Training LLMs on Synthetic Edit Sequences Improves Code Synthesis

This paper addresses a salient issue within the domain of LLM-based code synthesis. The authors propose a novel approach for enhancing code synthesis by training models on synthetic edit sequences generated via an algorithm named LintSeq. Current LLMs synthesize code through a single-step autoregressive generation, a methodology that can be both computationally expensive and insufficiently diverse. LintSeq aims to repurpose this task into a sequential edit problem, ostensibly improving the zero-shot performance and diversity of generated code.

Methodology

LintSeq operates through two main phases: a backward sampling phase and a forward edit computation phase. During backward sampling, a source code file is transformed through a series of error-free program states using a static program verifier or "linter." The subsequent forward phase computes the differences between consecutive program states using the Unix diff operator, generating a sequence of code edits. This parameter-free mechanism offers an efficient way to produce edit sequences for training purposes.

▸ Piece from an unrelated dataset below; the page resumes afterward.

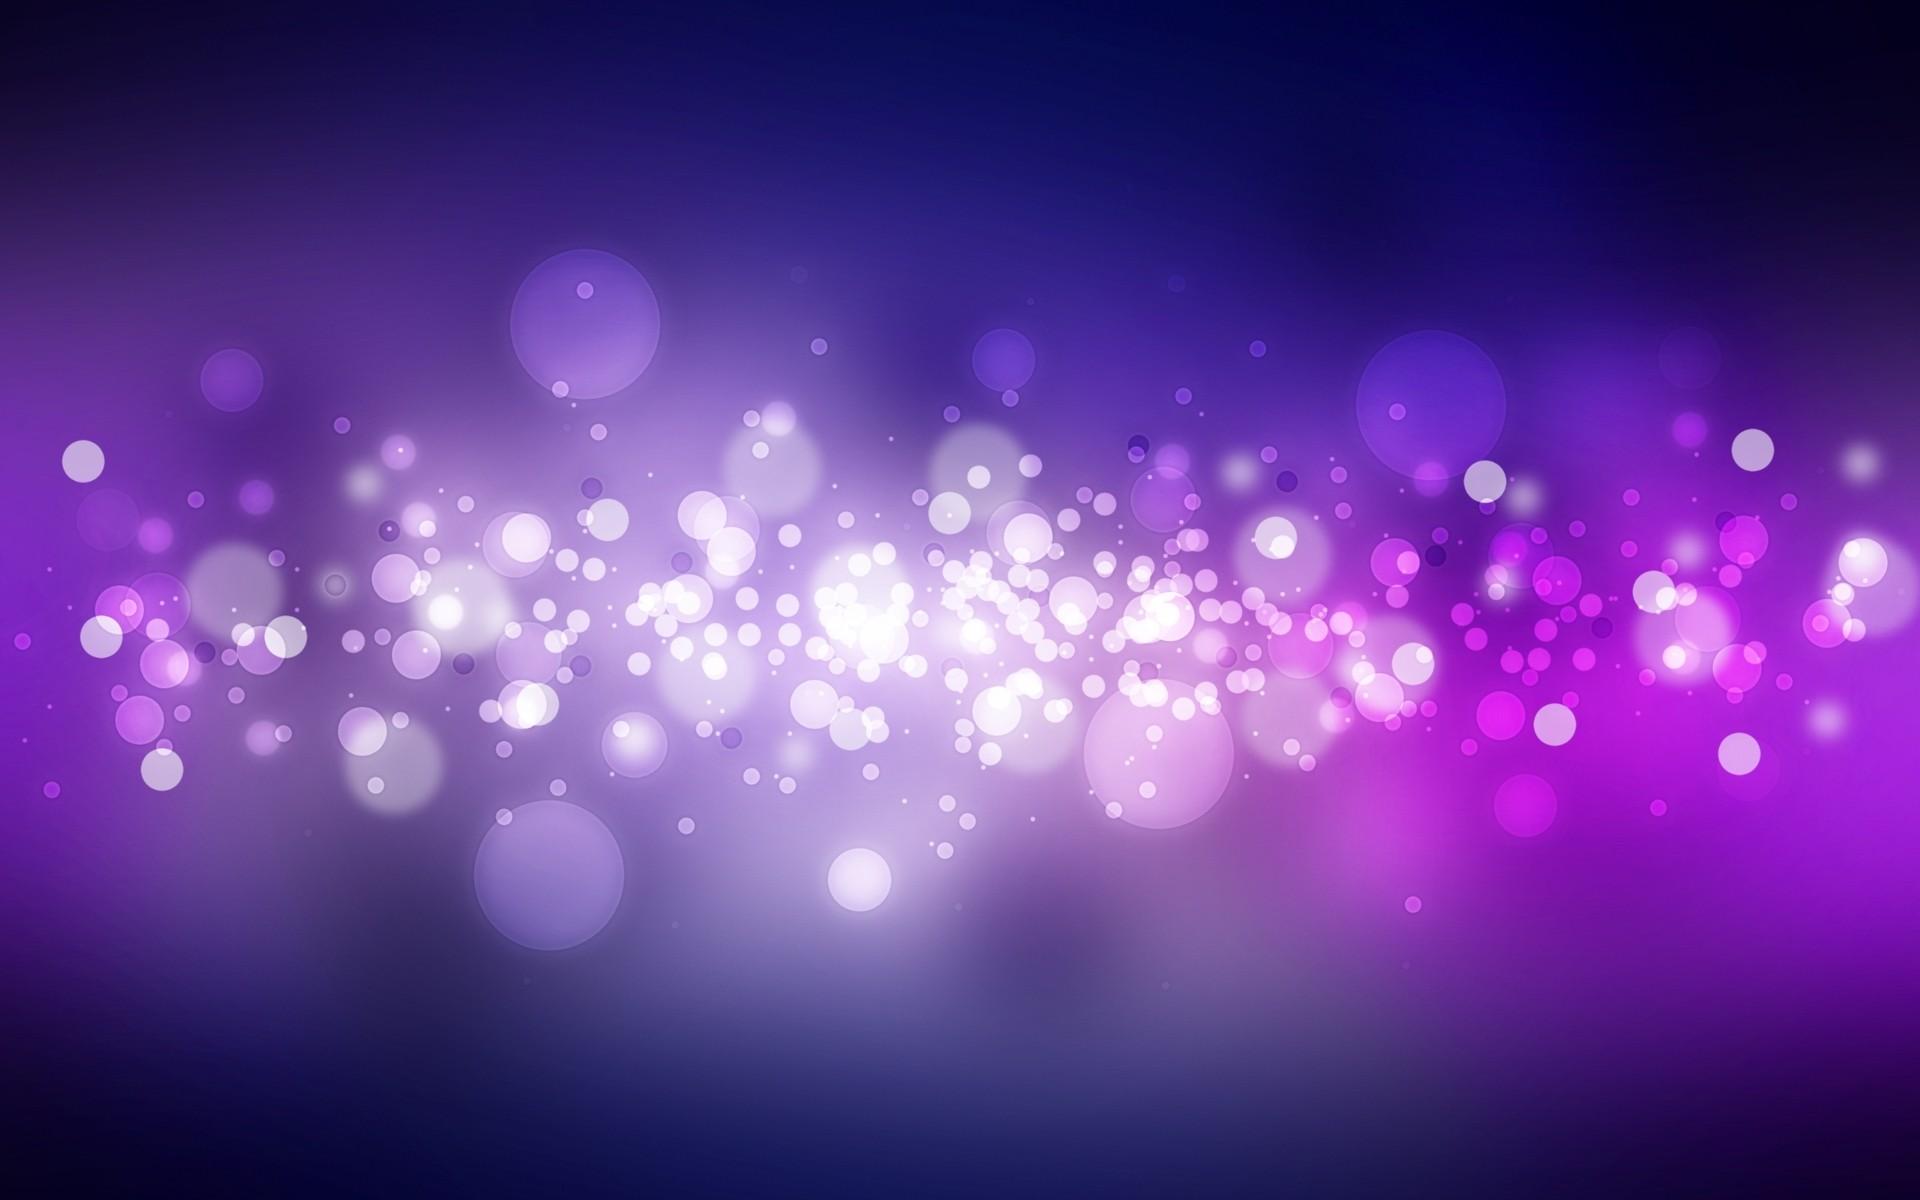 Purple Bubbles Wallpaper

The study's approach hypothesizes that training models on these sequences could provide a better trade-off between generation quality and computational efficiency than traditional models synthesizing full programs. The synthetic data obtained with LintSeq enables models to predict possible program modifications incrementally, potentially leading to more accurate and varied code synthesis.

Experimental Results

The authors conducted multiple experiments across models with varying scales, from 150M to 14B parameters. Key findings include:

  1. Across all models, those fine-tuned on synthetic edit sequences demonstrated superior performance in quality and diversity of the synthesized code compared to those fine-tuned on full programs.
  2. LLMs trained on edit sequences, when repeatedly sampled, showed increased "pass@k" performance, a critical metric indicating the percentage of problems solved within k attempts.
  3. Notably, smaller models fined-tuned with LintSeq data exhibited state-of-the-art performance. For instance, a 150M parameter model matched or exceeded performance of some models with twice as many parameters, including Codex and AlphaCode.
  4. When comparing inference costs, LintSeq-enhanced models offered coverage competitive with larger, state-of-the-art models like GPT-4, but with reduced cumulative inference-time FLOPs.
  5. Ablation studies revealed that removing the linter from the backward sampling phase negatively impacted the quality and diversity of model outputs, underscoring the importance of error-free edit sequences.

Implications and Future Work

The implications of this research are both practical and theoretical. Practically, the introduction of LintSeq provides an efficient methodology for boosting the performance of LLMs on code synthesis tasks, enabling smaller models to achieve competitive results with significantly reduced computational costs. Theoretically, the study suggests that re-parameterizing LLM tasks using edit sequences can be a potent mechanism for enhancing model expressivity and output diversity.

Looking forward, the application of LintSeq might be extended beyond code synthesis to tasks like mathematical reasoning and formal theorem proving, where similar sequential problem structures exist. Additionally, future research could explore more sophisticated inference-time search strategies in the "edit space," potentially further enhancing the performance of LLMs.

In conclusion, this paper posits a significant step toward refining LLM capabilities in code synthesis through data-level re-parameterization, offering a promising avenue for future advancements in AI and machine learning fields.